Microsoft is attempting to leverage its momentum with resellers, VARs, and systems integrators to attract potential customers to its recently released CRM offering at a series of seminars, called Microsoft Business Solutions Insight, to be held around the United States.
Posted Feb 27, 2003
Microsoft is attempting to leverage its CRM momentum with resellers, VARs, and systems integrators to attract potential customers to its recently released customer relationship management offering.
Following on the heels of its mid-January release of Microsoft CRM, the software giant is conducting a series of CRM seminars across the United States, whereby its army of local and regional reselling partners invite potential customers to come hear about Microsoft's CRM product.
With more than 1,000 resellers already signed up and certified on MS CRM, Microsoft officials estimate that nearly 10,000 potential customers will attend these seminars -- called Microsoft Business Solutions Insight -- to get a glimpse of the company's first entry into the CRM space.
One attendee, an IT manager for a 100-person financial services company, who asked not to be named, said he attended to get some specific technical information. "We have a lot of systems in place currently and I need to see how this would integrate with our back-end systems. I also want to make sure that it's more robust than just being an add-on to Outlook," he says.
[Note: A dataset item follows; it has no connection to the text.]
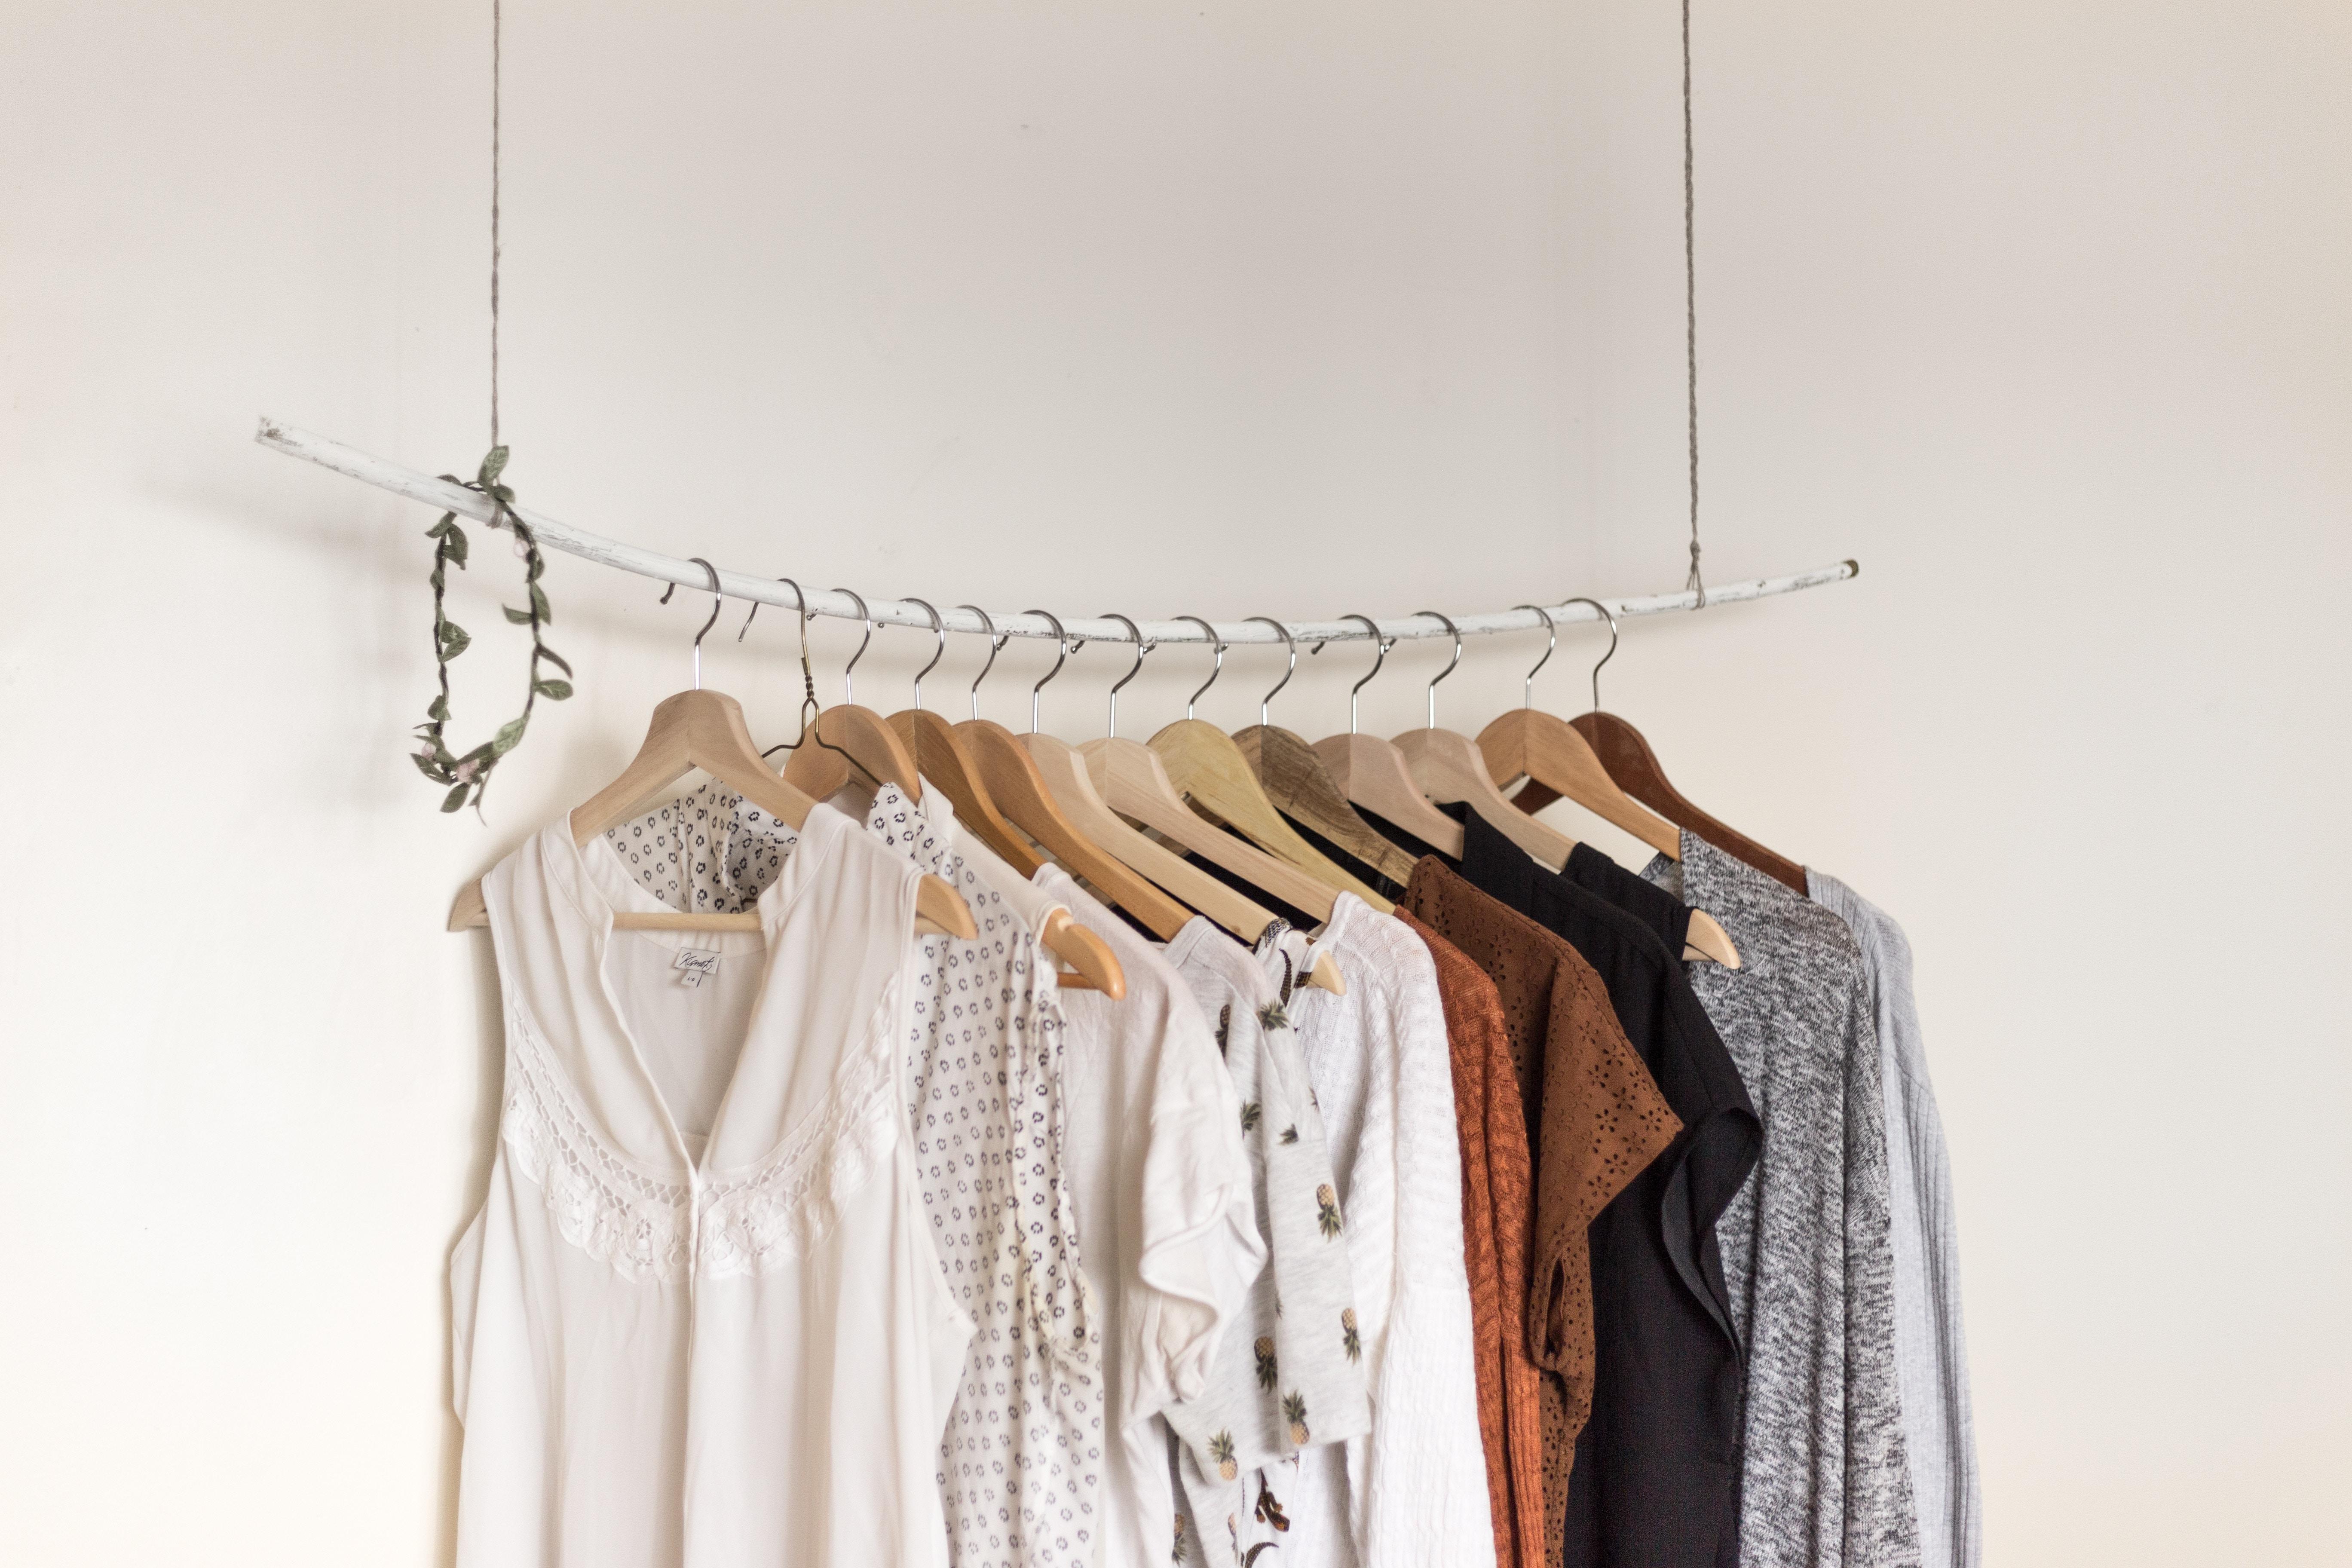 Eine Kleiderstange mit wenig Kleidungsstücken.
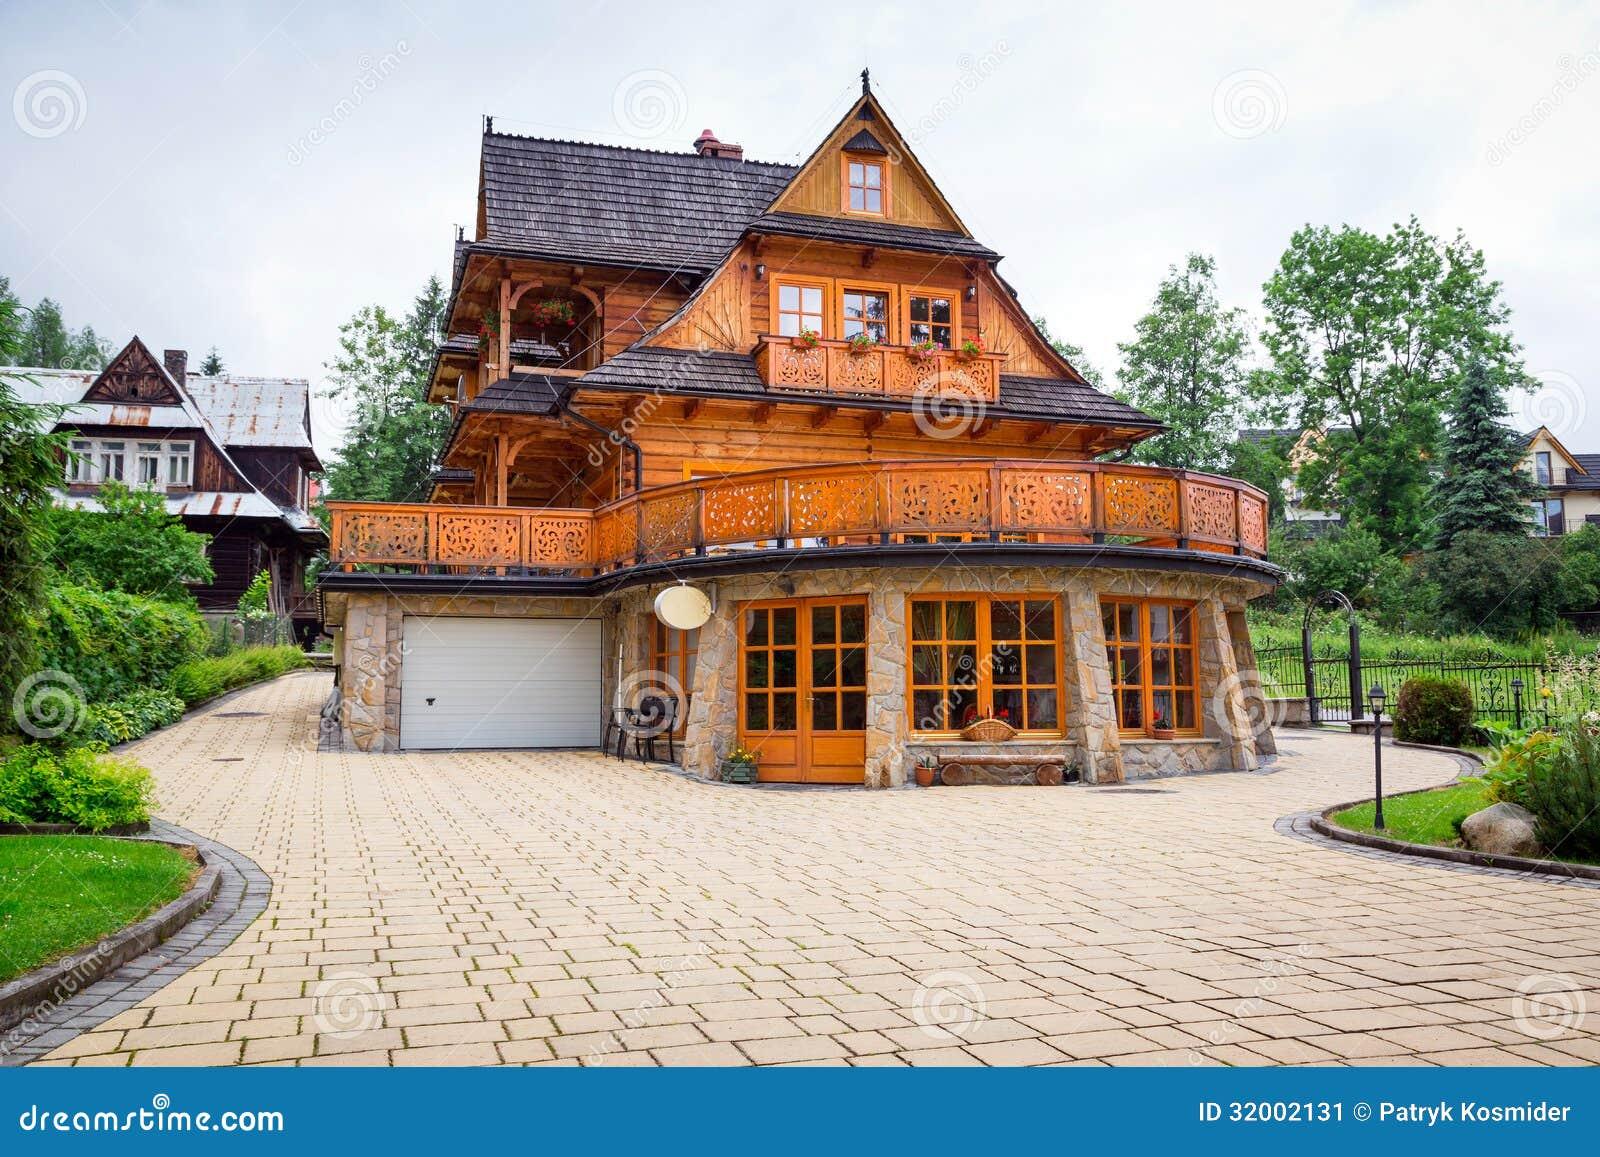 Architettura di legno tradizionale della casa in zakopane for Disegno della casa di architettura

Wednesday's San Francisco Insight seminar, led by David Thacher, general manager of CRM at Microsoft Business Solutions, offered some basics about the value of CRM in general along with a MS CRM product demo focusing on the product's integration with Microsoft Outlook. The product has two interfaces -- a browser interface and an Outlook interface, because there are more than 92 million Outlook users, Microsoft claims.
Also highlighted in the demonstration was how the product would function for a sales representative, a service agent, and a manager. In addition, the product demonstration showcased MS CRM's links to Microsoft's back-office products including Great Plains accounting. That integration was not available when the product began shipping in January, but is slated to be available by the end of March, according to Thacher.
MS CRM, which is aimed squarely at the mid-market, was one of the most eagerly awaited CRM product debuts. Ever since it was announced nearly a year ago, partners, potential users, and especially established CRM vendors, were anxious to see how Microsoft, which is known for dominating nearly every market it enters, would change the CRM landscape.
The product has already generated great enthusiasm in the reseller community. Microsoft originally said it expected about 500 partners to be onboard when the product shipped. Instead 850 reselling partners were certified when MS CRM shipped in January. That number has already climbed to more than 1,000.
Independent software vendors are also jumping on the Microsoft CRM bandwagon. To date, more than 110 ISVs have reached agreements with Microsoft to develop products that work with MS CRM. "ISVs are going exactly where we had hoped," Thacher says. "They are extending the product, going deep with vertical add-ons, and embedding it in other applications."
And Thacher says that is just the tip of the ISV iceberg. "Those 100 ISV are just the ones at the surface," he says. "There are hundreds more below that will surface to add value for customers."
Although MS CRM has generated strong interest in the reseller and developer communities, Microsoft officials say it is way too early to give out hard number in terms of deals with customers. Thacher would say that the product is doing well, and that over the next three to five years Microsoft expects CRM to be a very large part of its business. He declined to provide specific figures.
However, Thacher did offer some general information about patterns that have already emerged among its customers. In most cases to date, customers are running the solution on site, not as a hosted ASP solution, which is an option. He also says that many MS CRM customers are new to CRM. Thacher claims this is good for rivals who worried that the Microsoft juggernaut would threaten their established positions in the market. "Some mid-market vendors are going to end up having small market share, but I believe that will be a smaller share of a much larger pie, which is better for everyone," Thacher says.
AMR Research says the SMB market, combined with divisions of enterprises, is a $44.1 billion CRM opportunity over the next 10 years.